Indirect costs, buried in higher logistics costs, are set to increase in 2023. The International Maritime Organization (IMO) agreed in June 2021 to a new set of guidelines to cut the carbon intensity of all ships engaged in international trade. Two new measures will come into force in 2023. Individual ships will be graded on an A-to-E scale, and those engaged in international trade will have to apply for an International Energy Efficiency Certificate at their first inspection after January 1, 2023. From then on, they will have to demonstrate annual improvement in their operational carbon intensity, an expensive challenge for older ships. That may involve costly retrofits, or some ships may choose to “slow steam” — sail at a lower speed — as a simple way to reduce carbon emissions. Coupled with container lines’ newfound capacity discipline, the era of cheap international container shipping may be over.
New environmental regulations are likely to become a more important factor in manufacturing location choices as well. The European Union’s proposed Carbon Border Adjustment Mechanism (CBAM), slated to become fully operational in 2026, will put a carbon tax on imports of selected products so that ambitious climate action in Europe does not lead to “carbon leakage.” While the first phase covers carbon-intensive sectors such as cement, iron and steel, aluminum, fertilizer, and electricity, this could have a significant impact on sectors such as industrial equipment where a significant proportion of the product cost is steel, castings, and forgings. It could apply to a broad range of imports over time.
4. Suppliers’ Health
The fourth area is one that has received little attention during the pandemic: the health of suppliers, particularly in more distant tiers of a supply chain. For example, while U.S. automakers have announced surprisingly strong earnings thanks to a shift to more profitable vehicles in the face of constrained component supplies, many smaller suppliers have struggled with surging raw material costs that they have been unable to pass along. Some report that U.S. automakers refuse to even discuss material cost increases. On top of the cost increases, firms described to me how large customers are dragging out the payment of their receivables, putting small companies under intense cash pressure. “You’re so far underwater, you have no chance,” a manager at one supplier told me. “When we go in to talk to them about it, they shut the discussion down.” A manager at a another supplier said, “They refuse to even meet with us and just say they have a fixed price contract.”

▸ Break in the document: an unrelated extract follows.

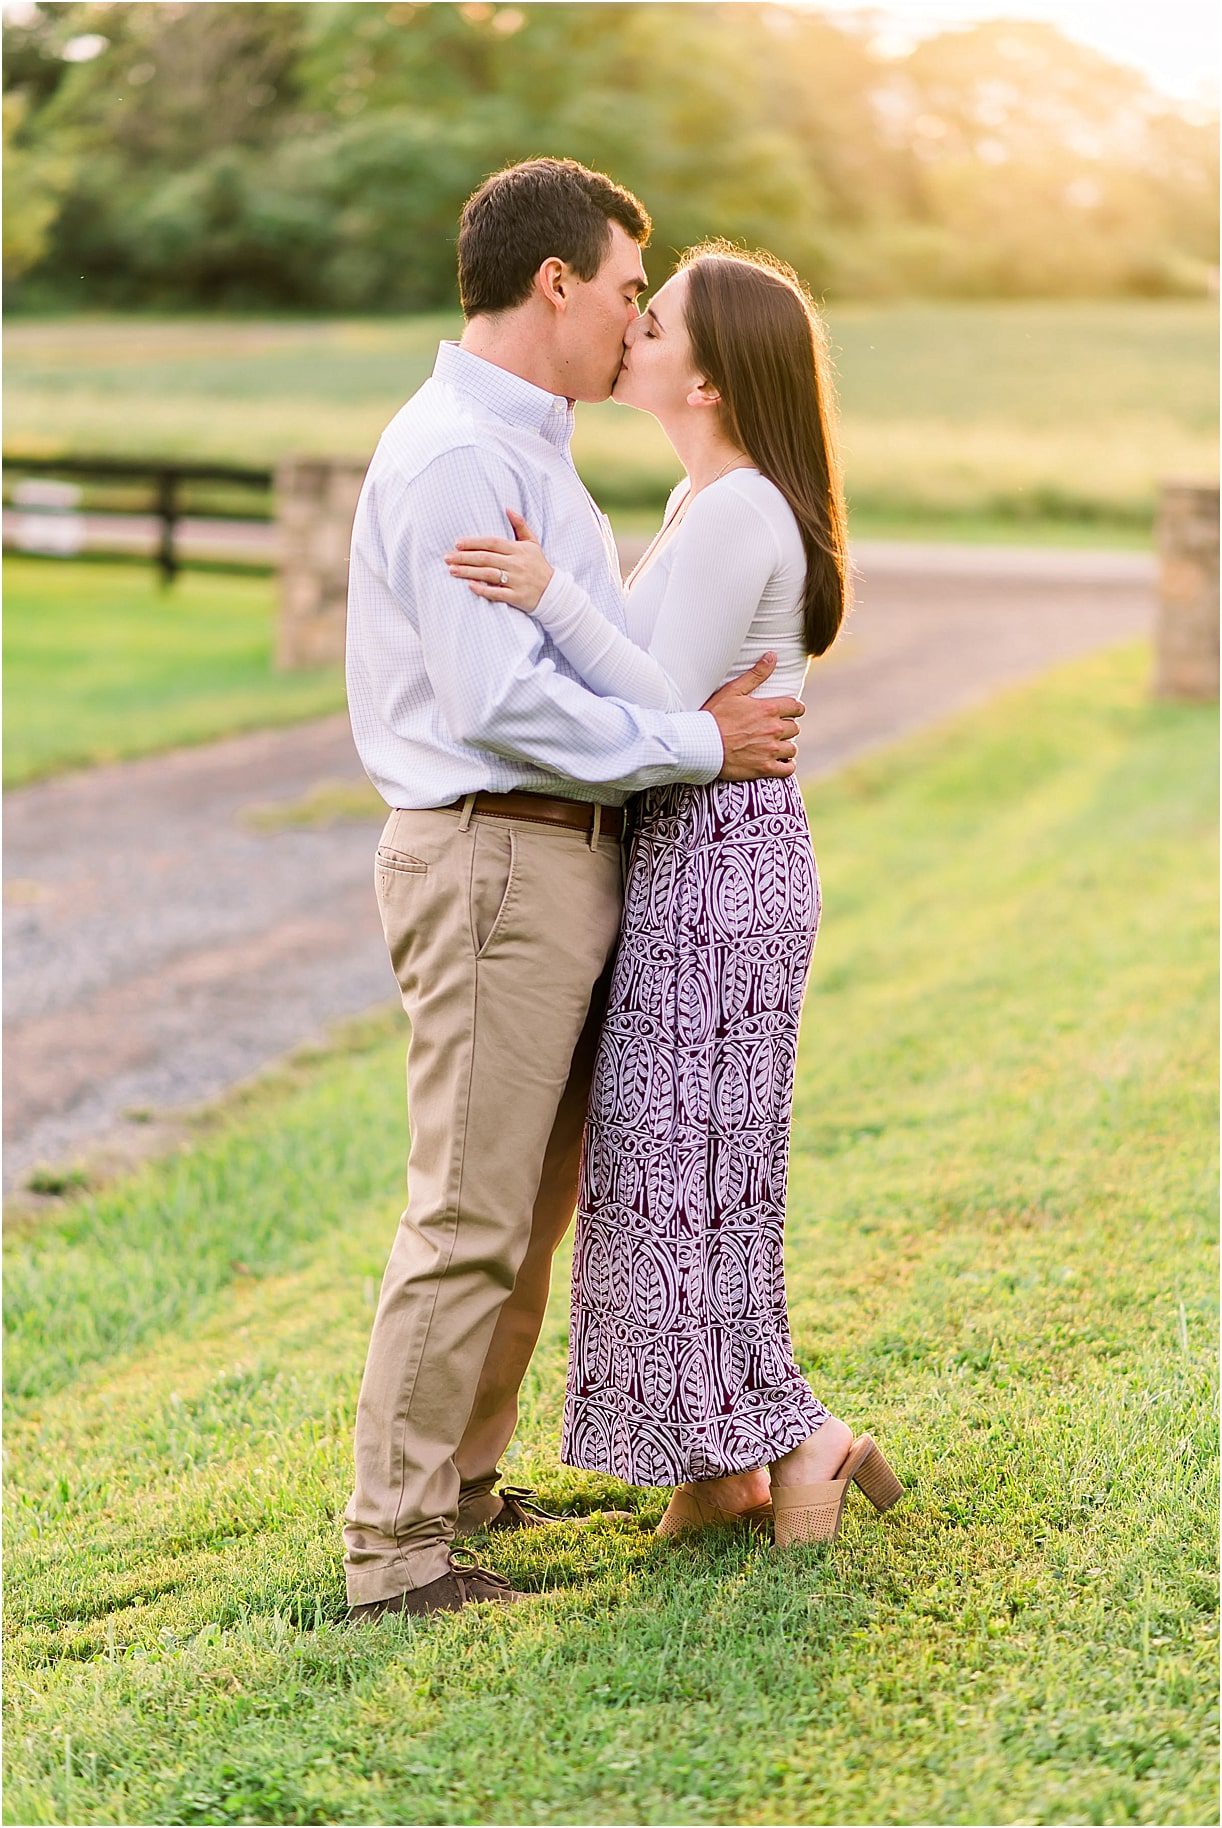 Rural Rustic Farm Engagement Session | Hill City Bride Virginia Wedding Blog

The problem is that many original equipment manufacturers (OEMs) have approached their suppliers transactionally, focusing mainly on price. If managers want flexibility and resilience, this dictates a more strategic approach, recognizing the costs to suppliers of maintaining surge capacity, and doing a better job of shared demand planning. Firms should also reexamine some of the ways they incentivize their procurement organizations. After all, suppliers who can’t stay in business hardly make for a resilient supply chain.

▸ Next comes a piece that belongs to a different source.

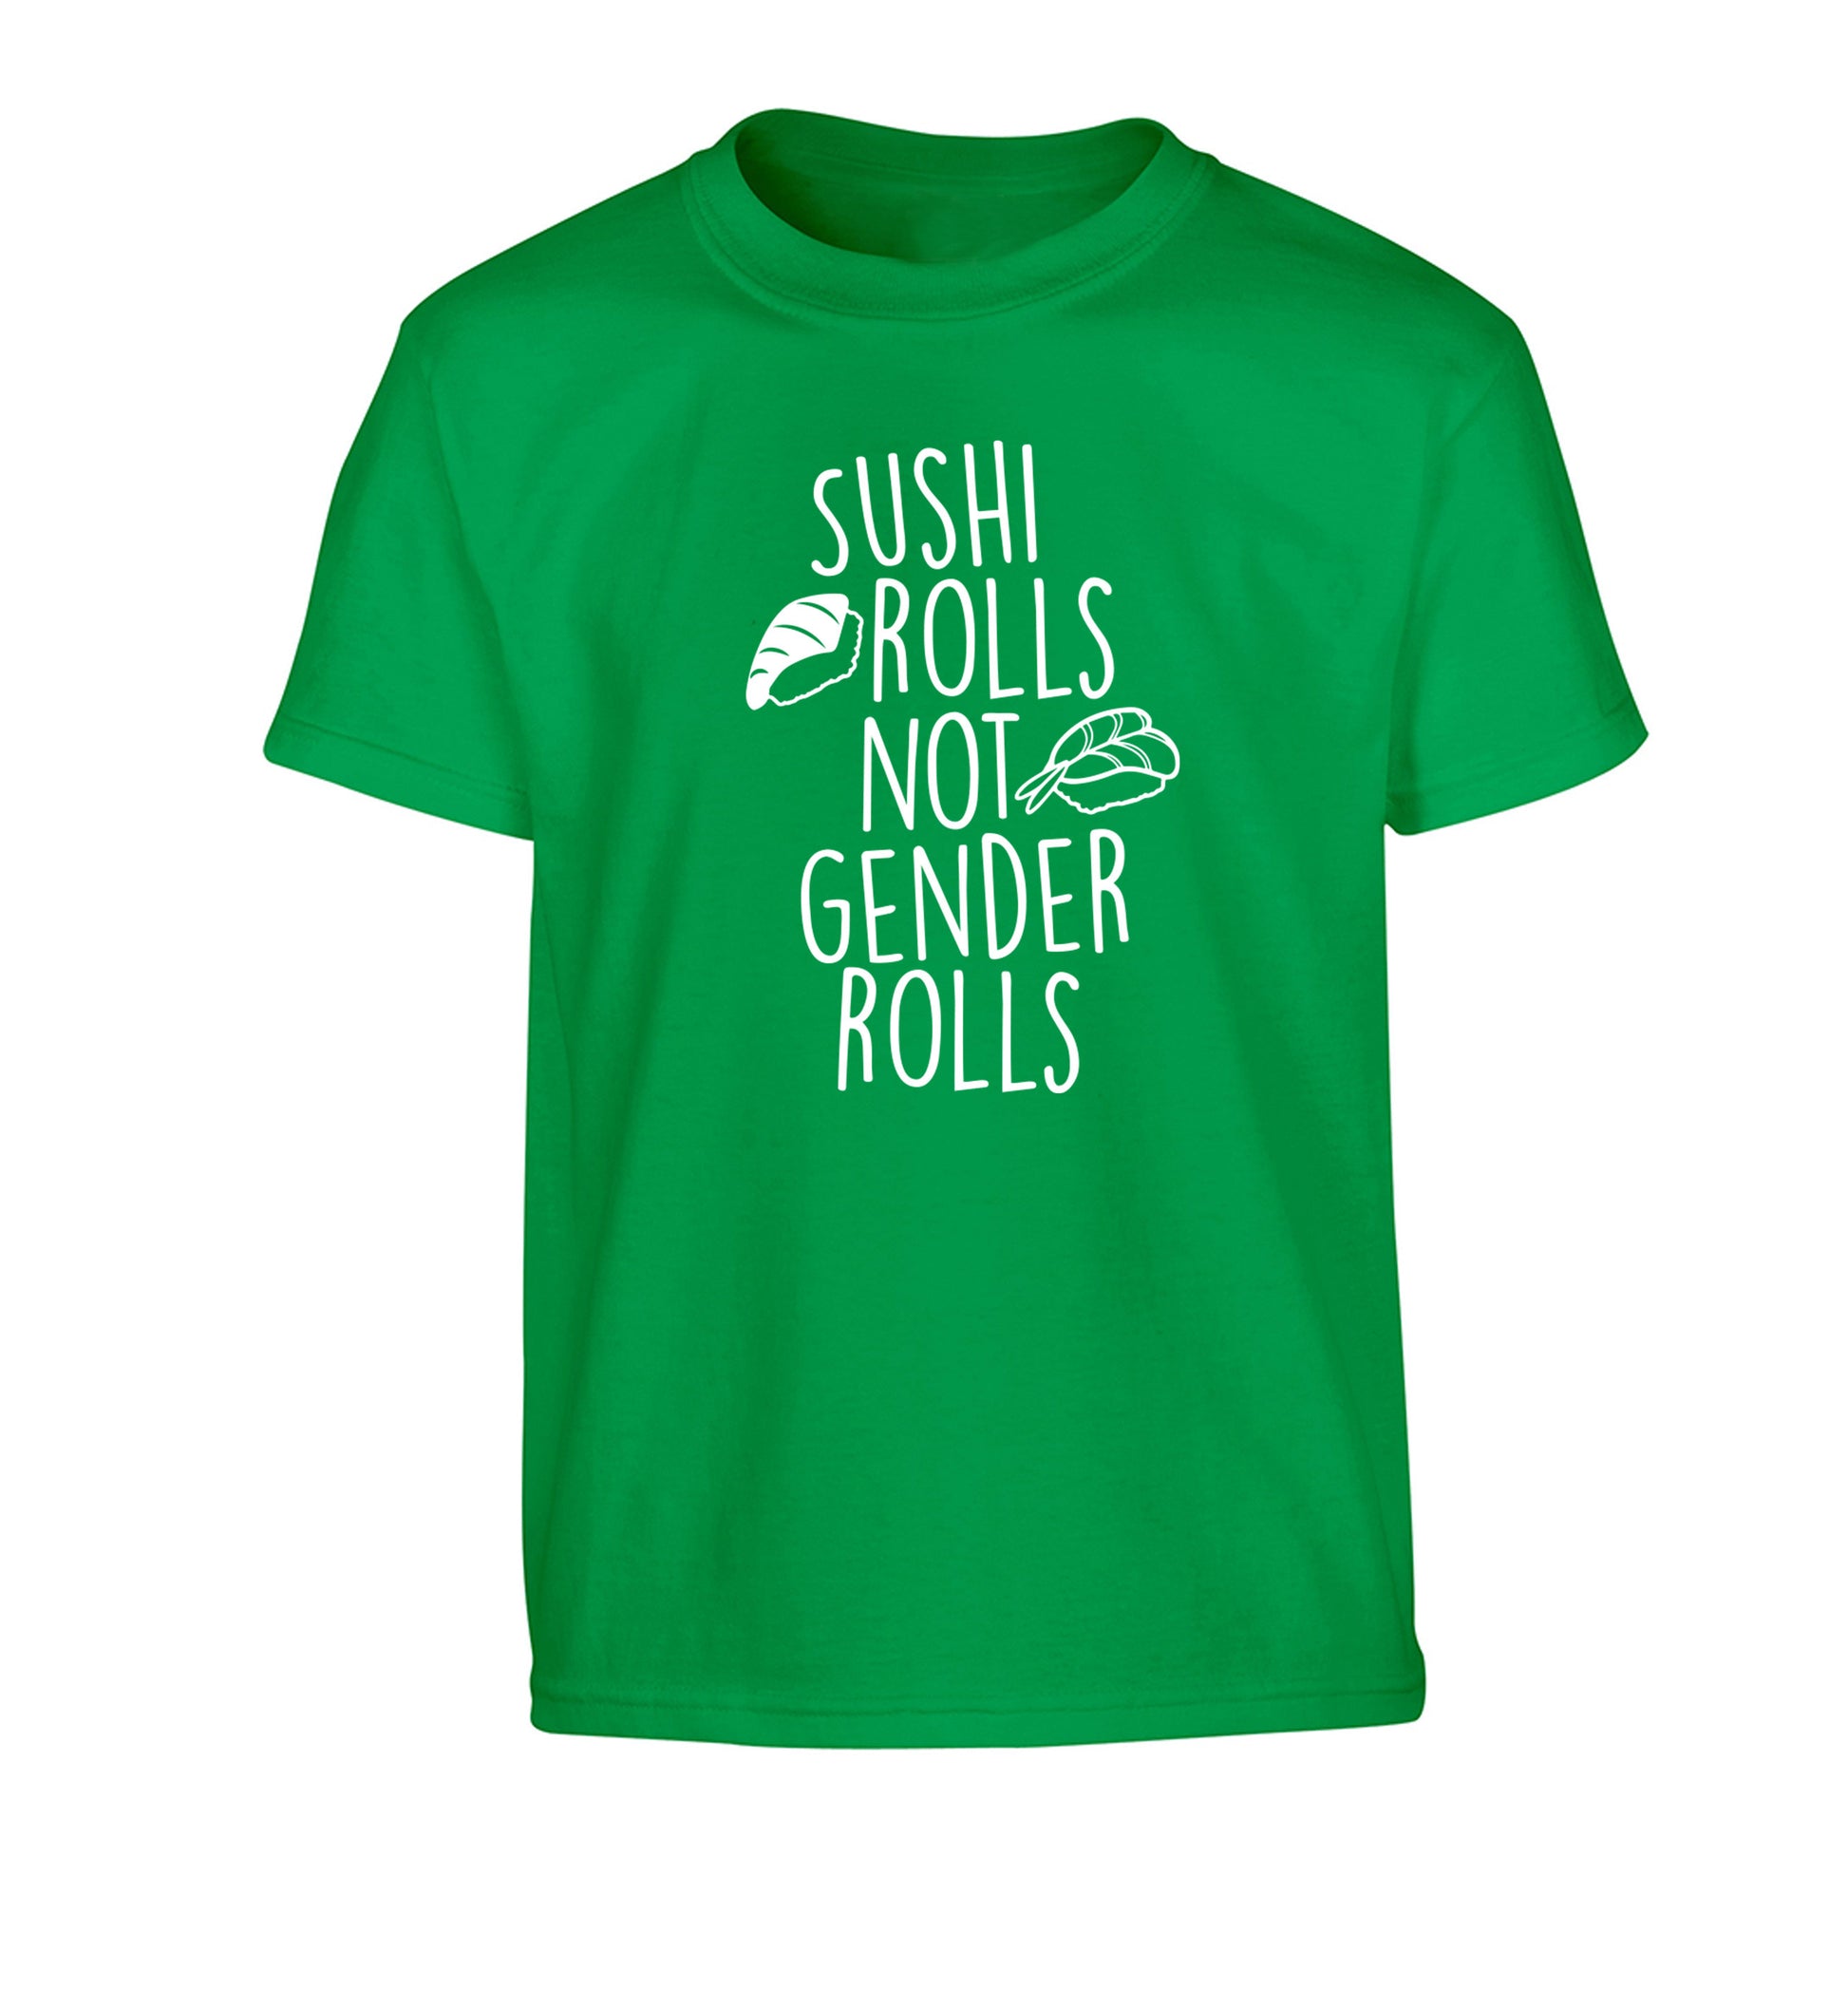 Sushi rolls not gender rolls Children's green Tshirt 12-14 Years

Supply-chain management is entering a new era. The relatively benign environment of the last three decades, during which we saw tremendous growth of the tradable sector and the expansion of far-flung global supply chains, is probably over. We will still see trade growth, as it is difficult for any country or region to be self-sufficient in all the goods and materials consumed by modern economies. But the new focus on resilience and sustainability is going to present managers with fresh choices and challenges as they reorient their production footprints to ones that will be more flexible and more regional.